September also looks busy, with Soyuz MS-24 scheduled to launch in mid-month with Russian cosmonauts Oleg Kononenko and Nikolai Chub, together with NASA’s Loral O’Hara, followed by the departure at month’s end of Soyuz MS-23 and its crew of Sergei Prokopyev, Dmitri Petelin and Frank Rubio after a year in orbit. The final two months of 2023 also are fully booked, with Northrop Grumman Corp.’s NG-20 Cygnus cargo ship and potentially AxiomSpace, Inc.’s Ax-3 all-private crewed mission targeting November launches and SpaceX’s CRS-29 Cargo Dragon and Sierra Nevada Corp.’s inaugural Dream Chaser penciled-in for December.

Boeing Crew Flight Test (CFT) astronauts Butch Wilmore and Suni Williams in T-38 pre-flight activities at Ellington Field. Photo Credit: Robert Markowitz

The CFT mission is currently baselined as an eight-day mission, during which Wilmore and Williams will conduct a complete shakedown of Starliner, from launch atop a United Launch Alliance (ULA) Atlas V out of storied Space Launch Complex (SLC)-41 at Cape Canaveral Space Force Station, Fla., through orbital operations to rendezvous, docking and undocking at the ISS and return to Earth, alighting on solid ground at White Sands Space Harbor (WSSH) in New Mexico. NASA previously stressed that there exists some scope to extend the astronauts’ stay aboard the space station if needed, but no definitive limit has been offered on exactly how long CFT might remain in orbit.  
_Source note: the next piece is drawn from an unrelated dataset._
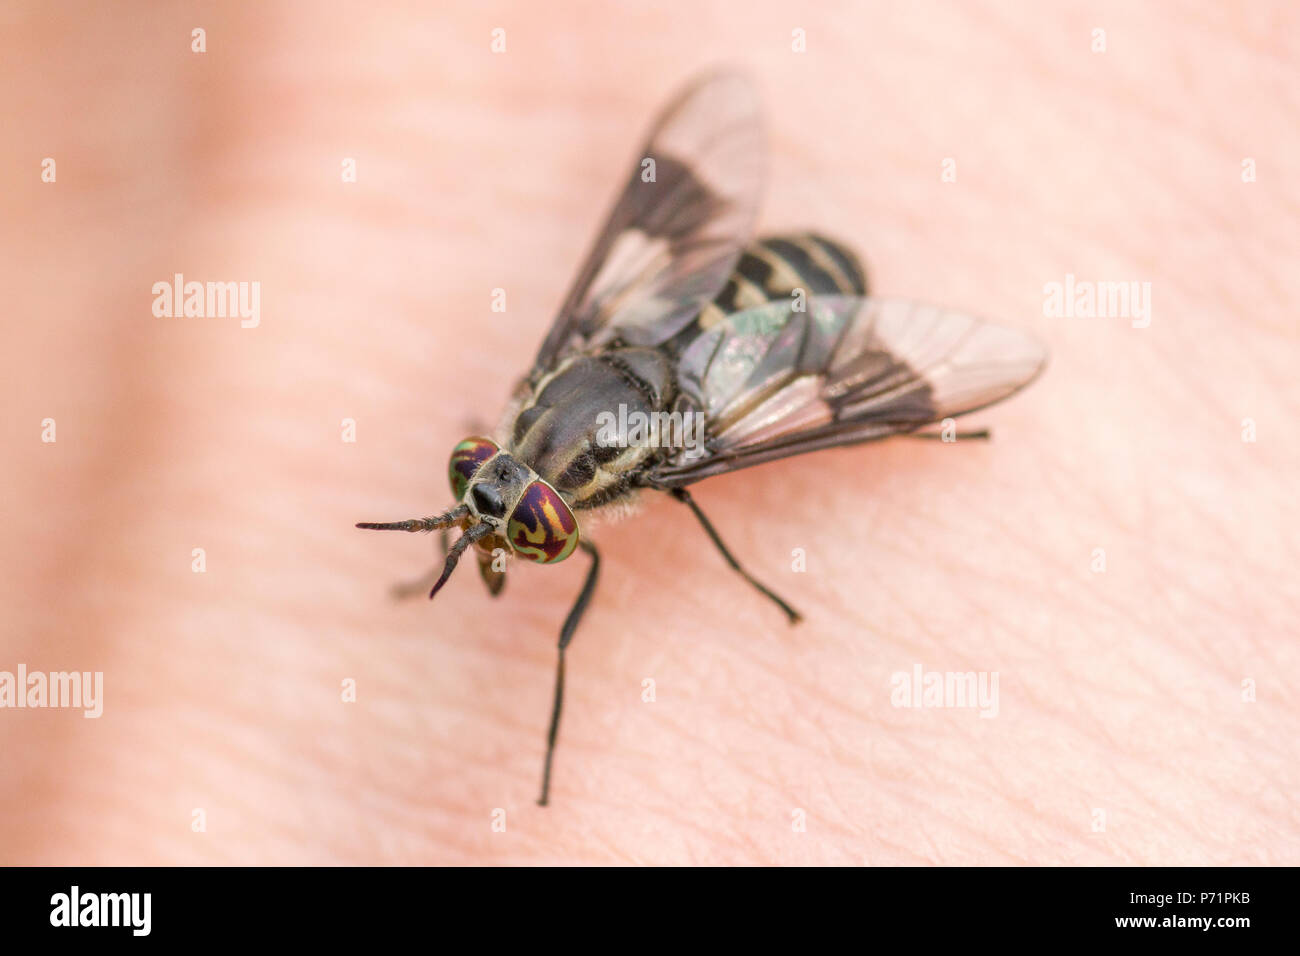 Un cervo fly (Chrysops sp.) circa a mordere una mano umana. Foto Stock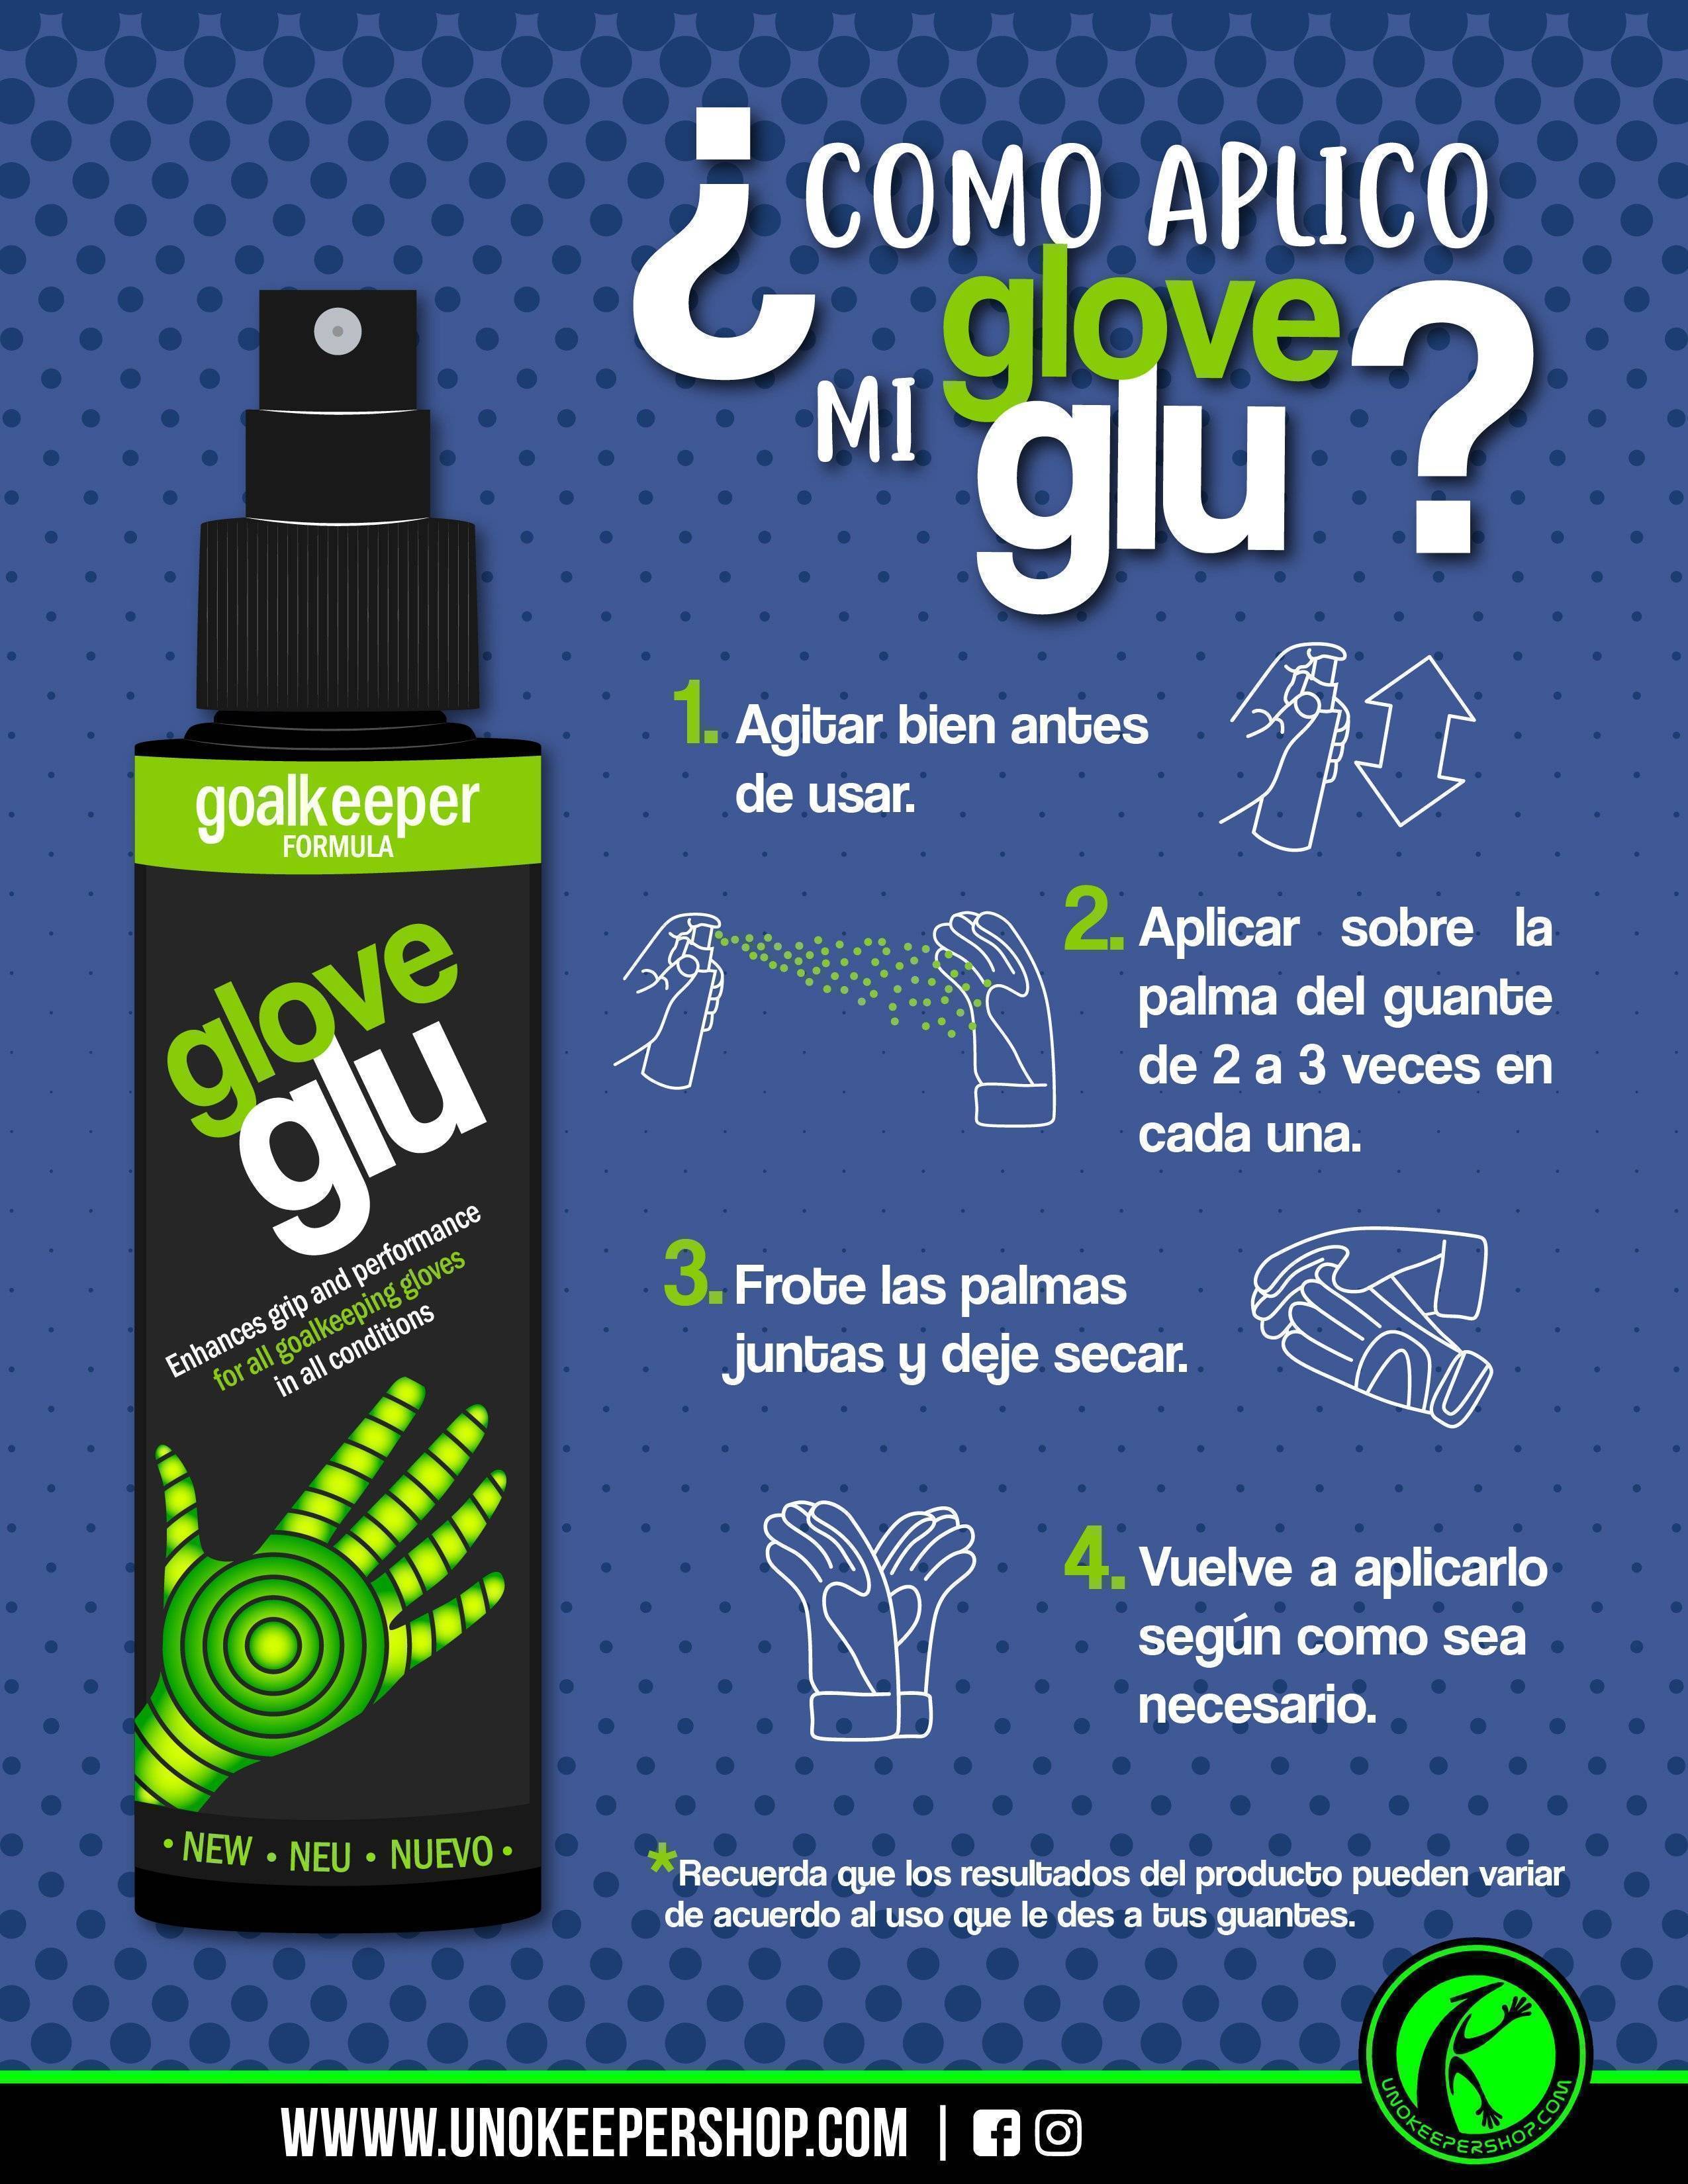 Glove Glu Latex Liquido – UnoKeeper

Wilmore previously served as pilot of shuttle Atlantis on the 11-day STS-129 mission in November 2009, before commanding Expedition 42 during a 167-day ISS increment from September 2014 through March 2015. For her part, Williams recorded the longest single mission ever undertaken by a woman when she spent 195 days in space during Expedition 14/15 between December 2006 and June 2007, then went on to command Expedition 33 during a 127-day ISS increment in July-November 2012.

Video Credit: Boeing

All told, the duo have spent almost 500 days in space, completing 11 spacewalks and chalking up more than 76 EVA hours between them. And Williams also held the empirical record from September 2012 until March 2017 for the greatest number of spacewalking hours attained by a woman.